I had to have a yard sale, I kept reminding myself. Then suddenly it was too late to have a yard sale. I was just going to have to give all that stuff away. Or abandon it where it lay. Costa Rica would not wait any longer for me to arrive.

Nobody ever said it would be easy, this getting rid of most of my earthly possessions and rearranging my life in another country. I had some practice at it, however. Two years before, I had moved from San Diego to Santa Cruz – two burgs quite a distance apart culture-wise.

Now I was doing it again – moving between two vastly different burgs – from Santa Cruz de California to Heredia de Costa Rica, which is also a university town. Perhaps they wouldn’t be so different. Wanna bet?

It didn’t make much sense for me to move a lot of possessions to Costa Rica. I want to travel lightly for awhile, to simplify my life. I would not be backpacking it, but I actually enjoy living within a budget. I travel that way, too. One gets good at it with a little practice. With a lot of practice, one gets very good indeed.

This time, though, it wasn’t a visit. I was moving, not visiting.

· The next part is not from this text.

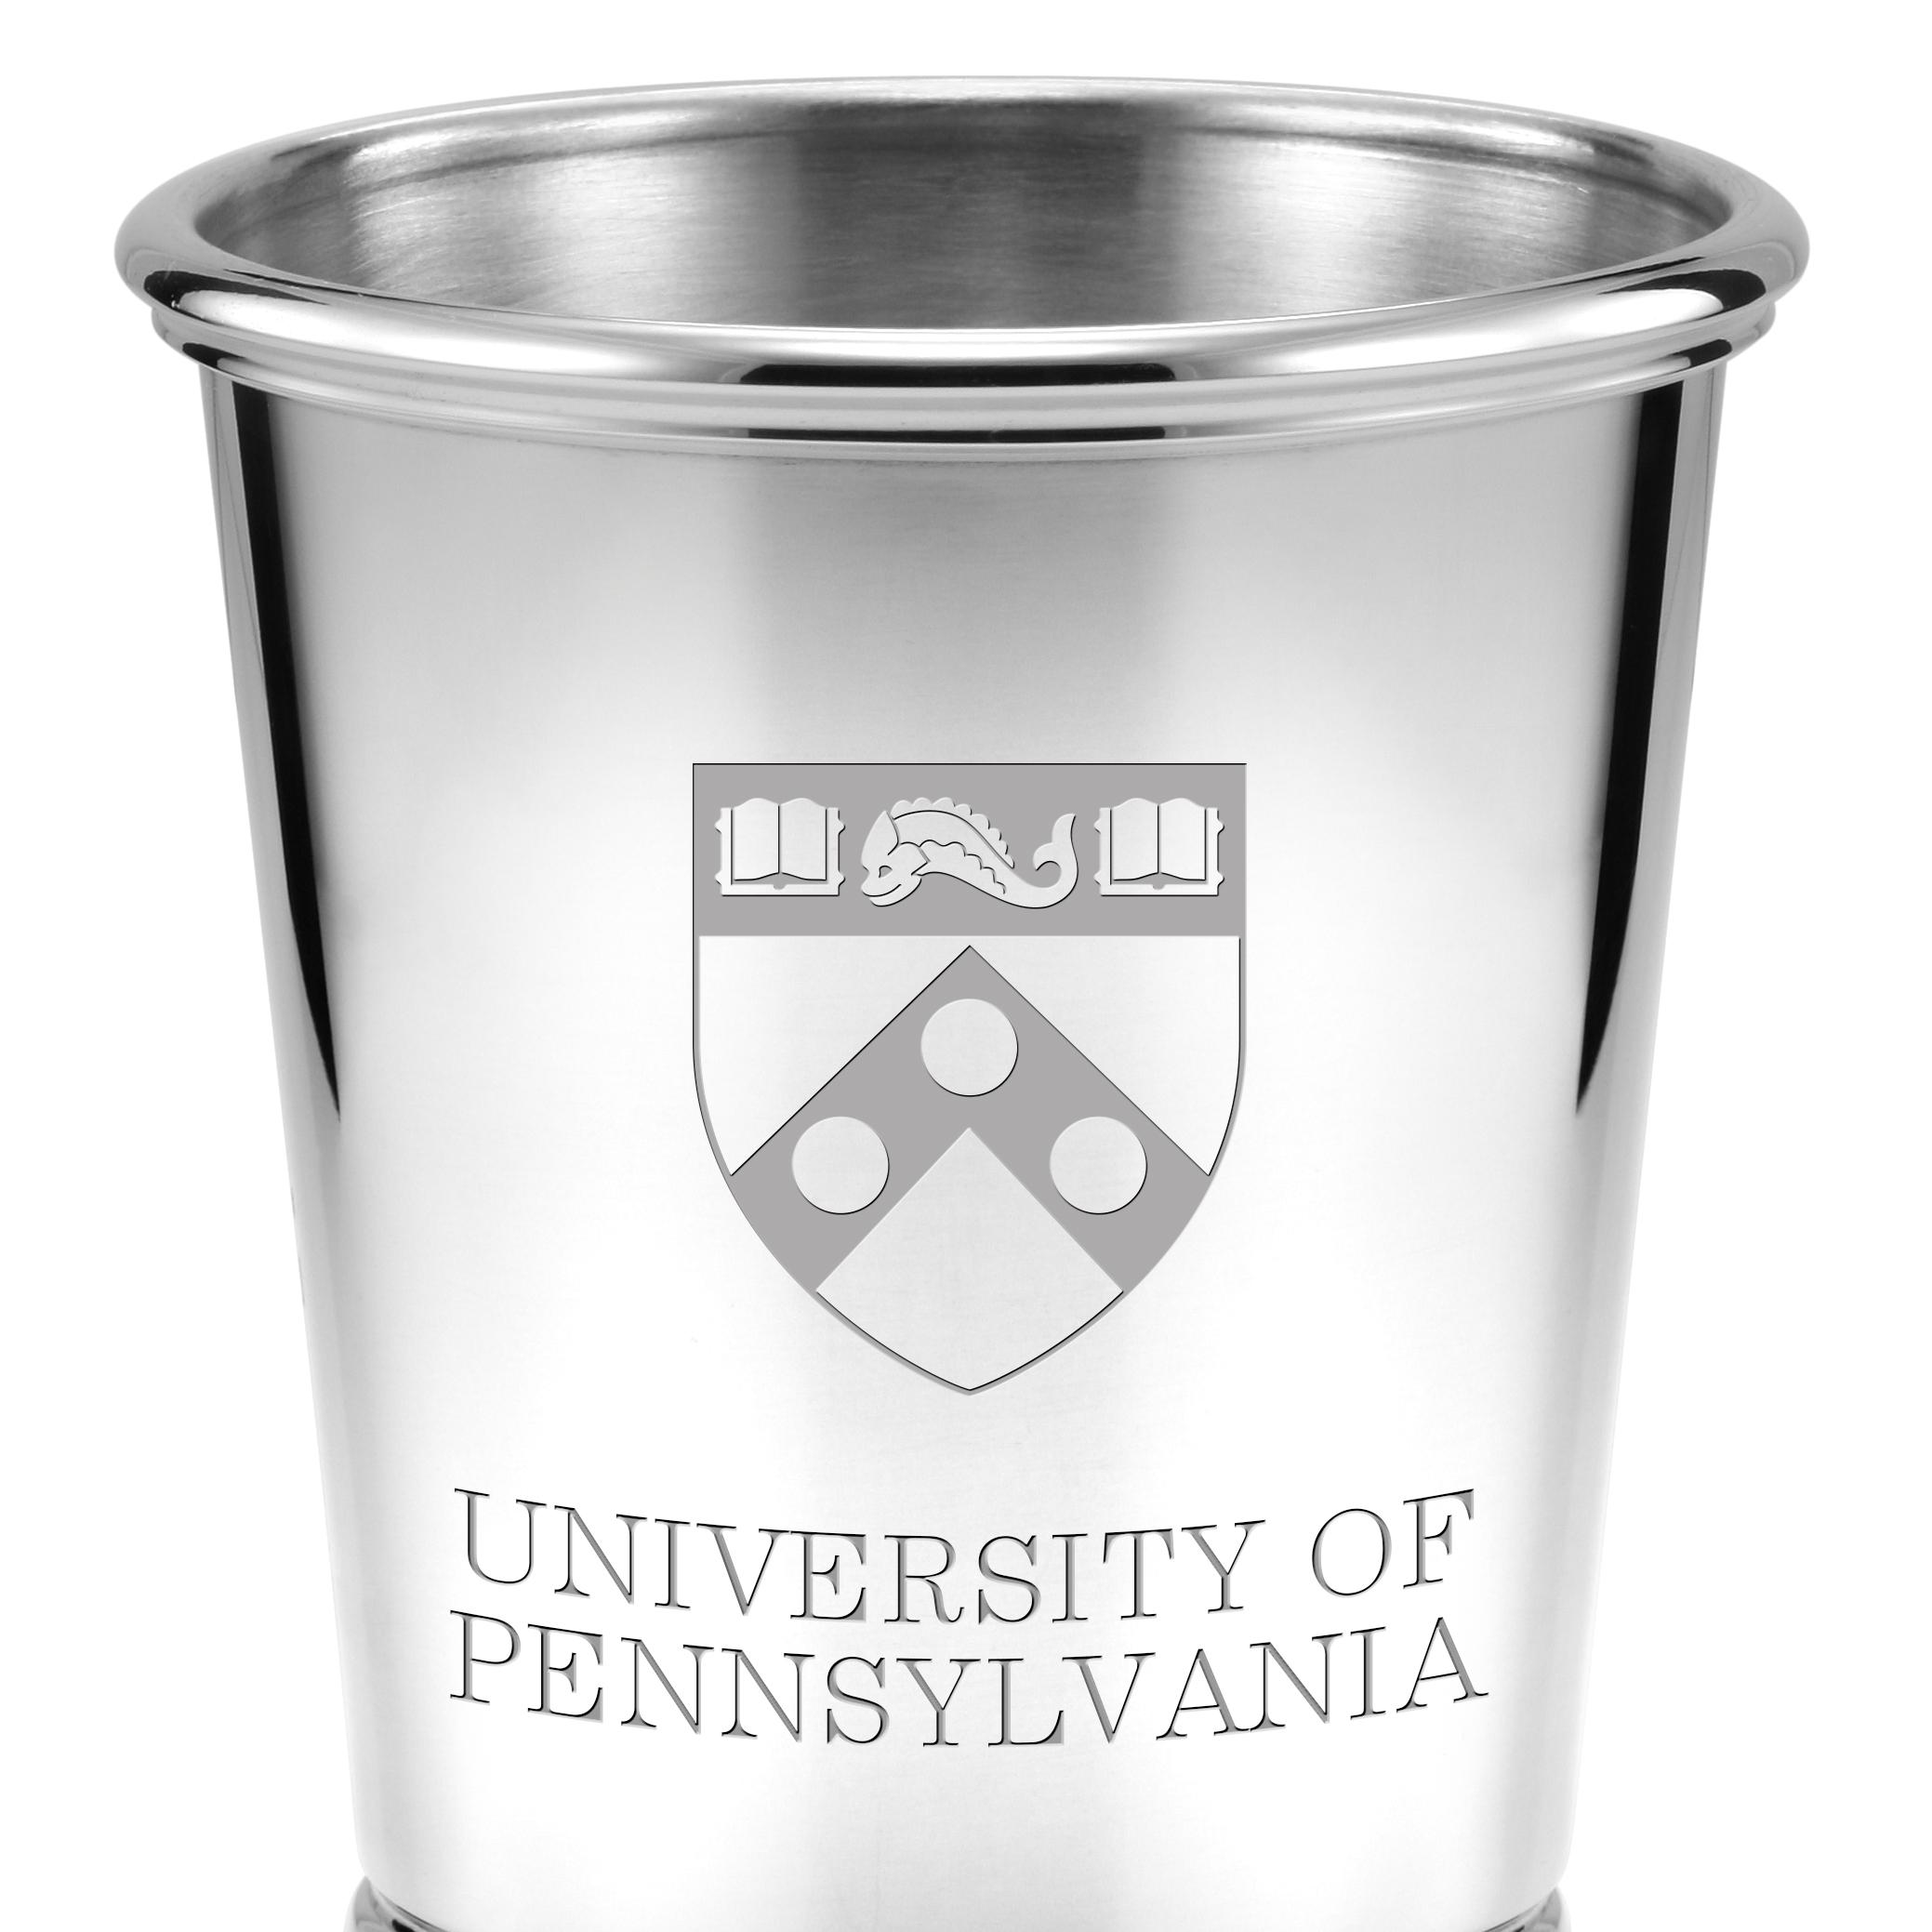 Penn Pewter Julep Cup - Image 2

But I was not retiring to Costa Rica – exactly. I was being retired to Costa Rica. Almost every year for more than a decade I had traveled all about the country. When I returned to California at the end of my last holiday in Costa Rica, I mentally didn’t go back.

I did not enjoyed that feeling of being in two places at the same time.

I had planned my retirement. I was old enough. It would be an adventure. It was time.